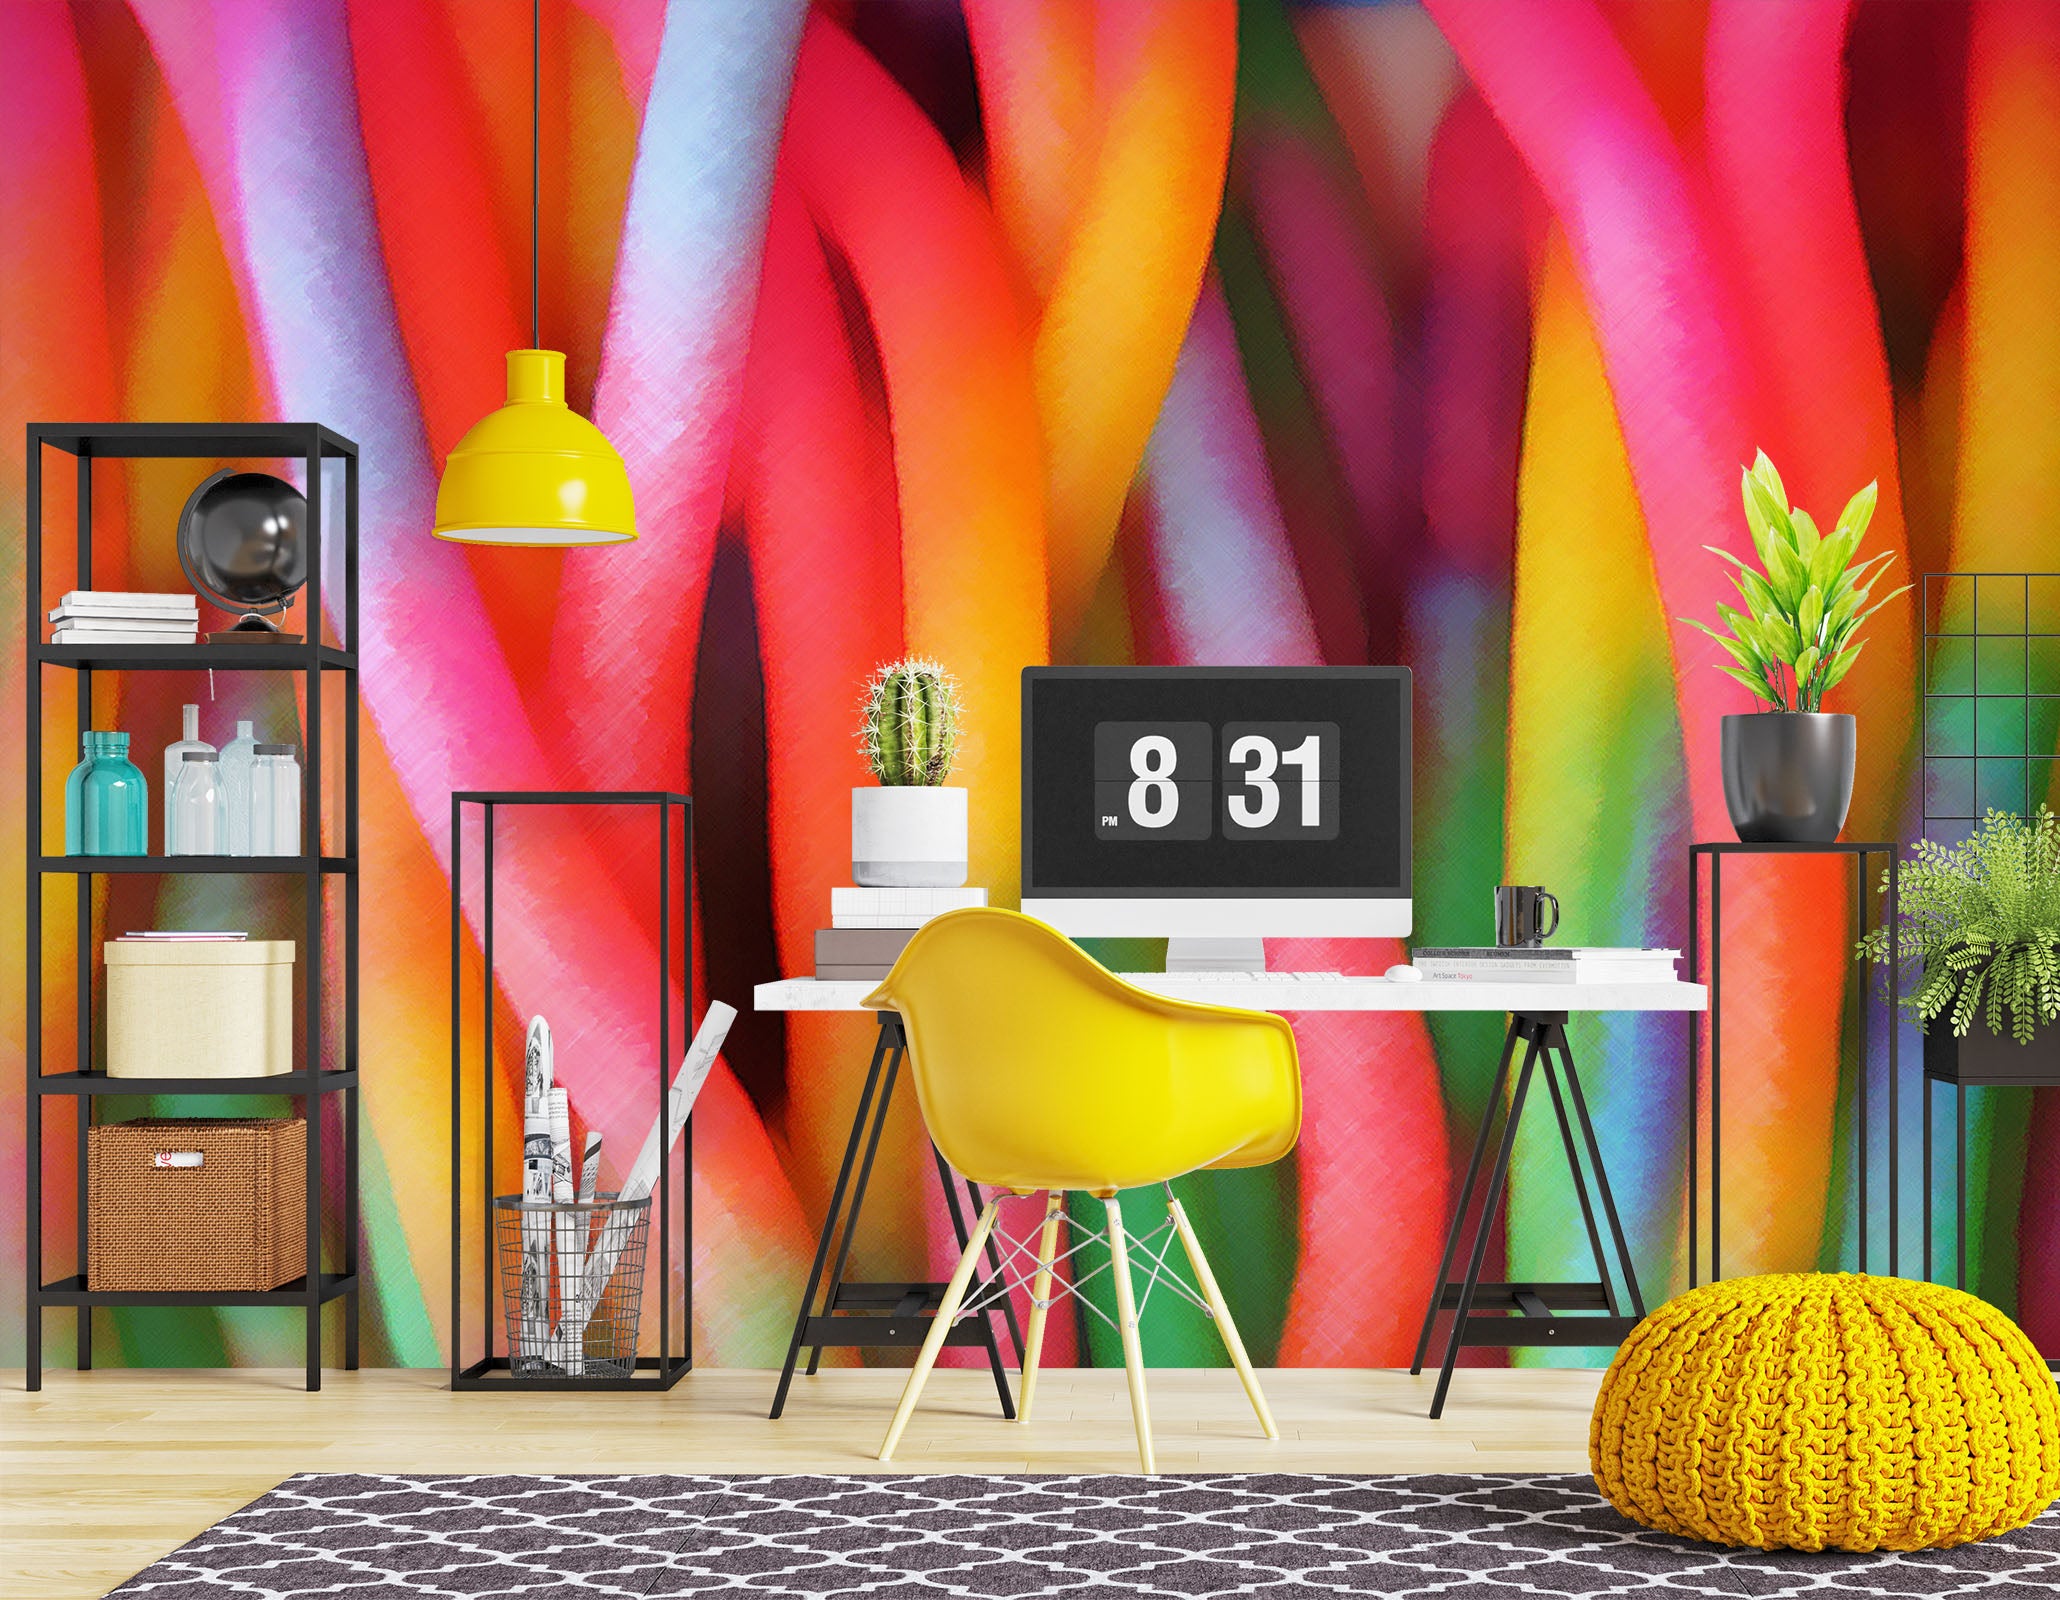 3D Color Bars 71076 Shandra Smith Wall Mural Wall Murals
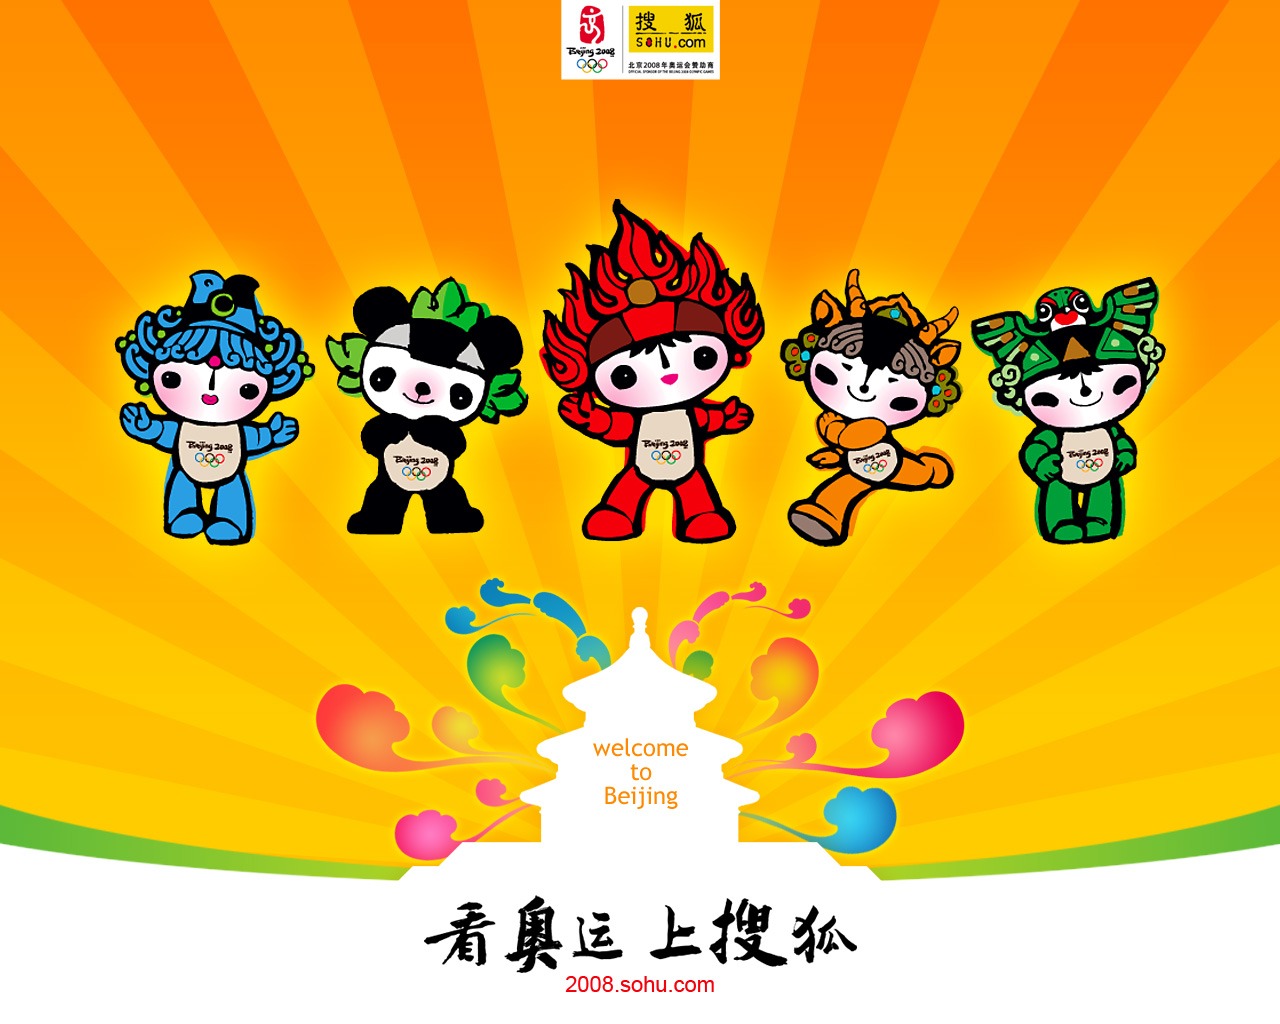 Sohu Olympic Series Wallpaper #3 - 1280x1024
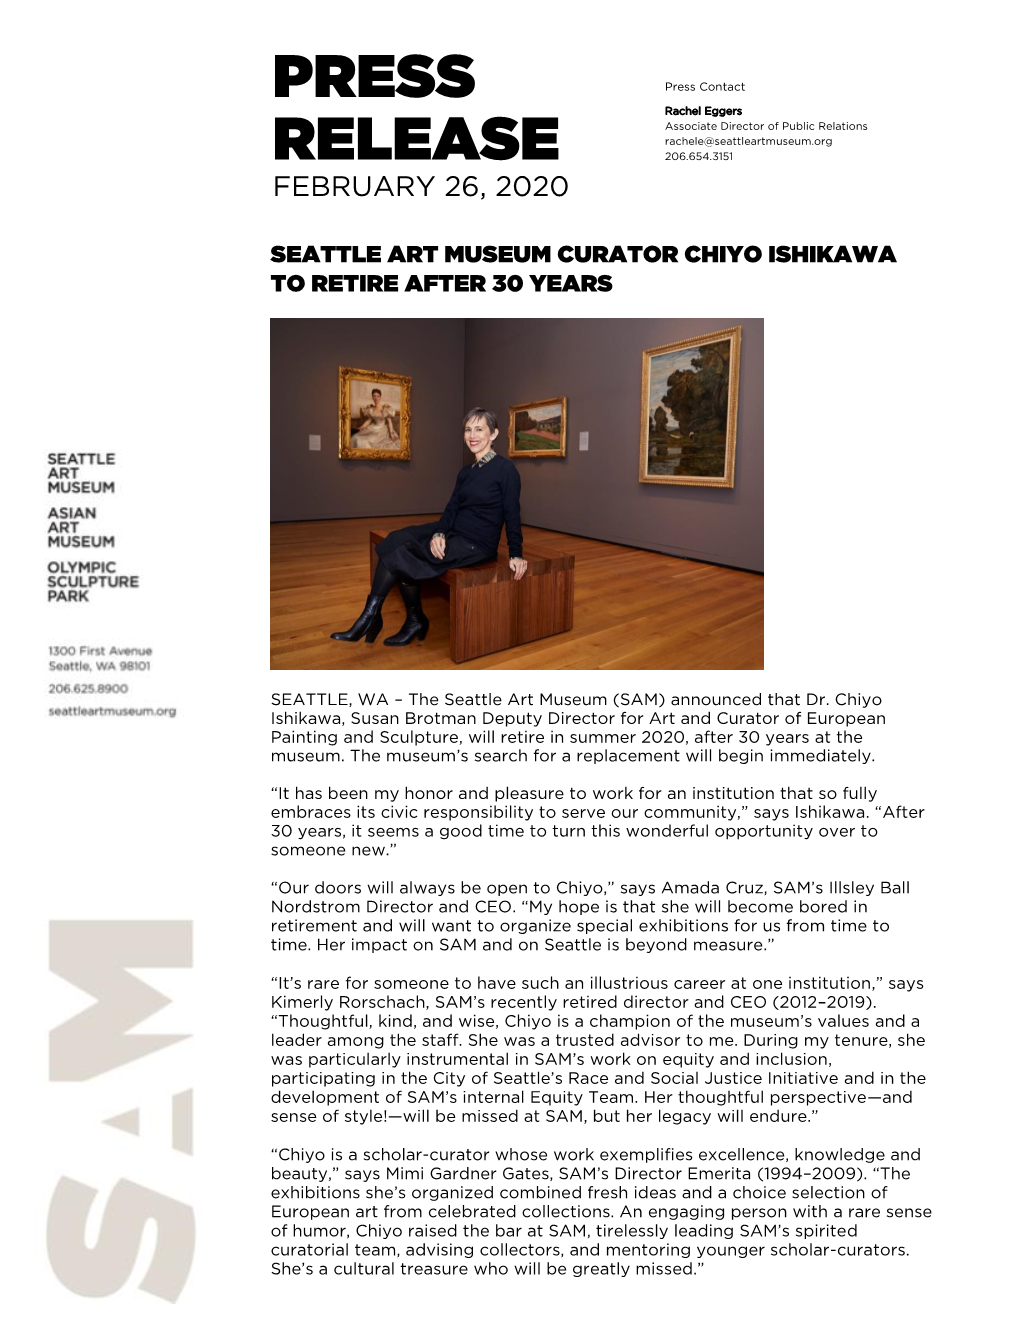 Seattle Art Museum Curator Chiyo Ishikawa to Retire After 30 Years

▶ _What you are asked to do_: Except for the pictures, give the data again word for word.

▶ _Exercise result_:
 3D Color Bars 71076 Shandra Smith Wall Mural Wall Murals
 Sohu Olympic Series Wallpaper #3 - 1280x1024
 Seattle Art Museum Curator Chiyo Ishikawa to Retire After 30 Years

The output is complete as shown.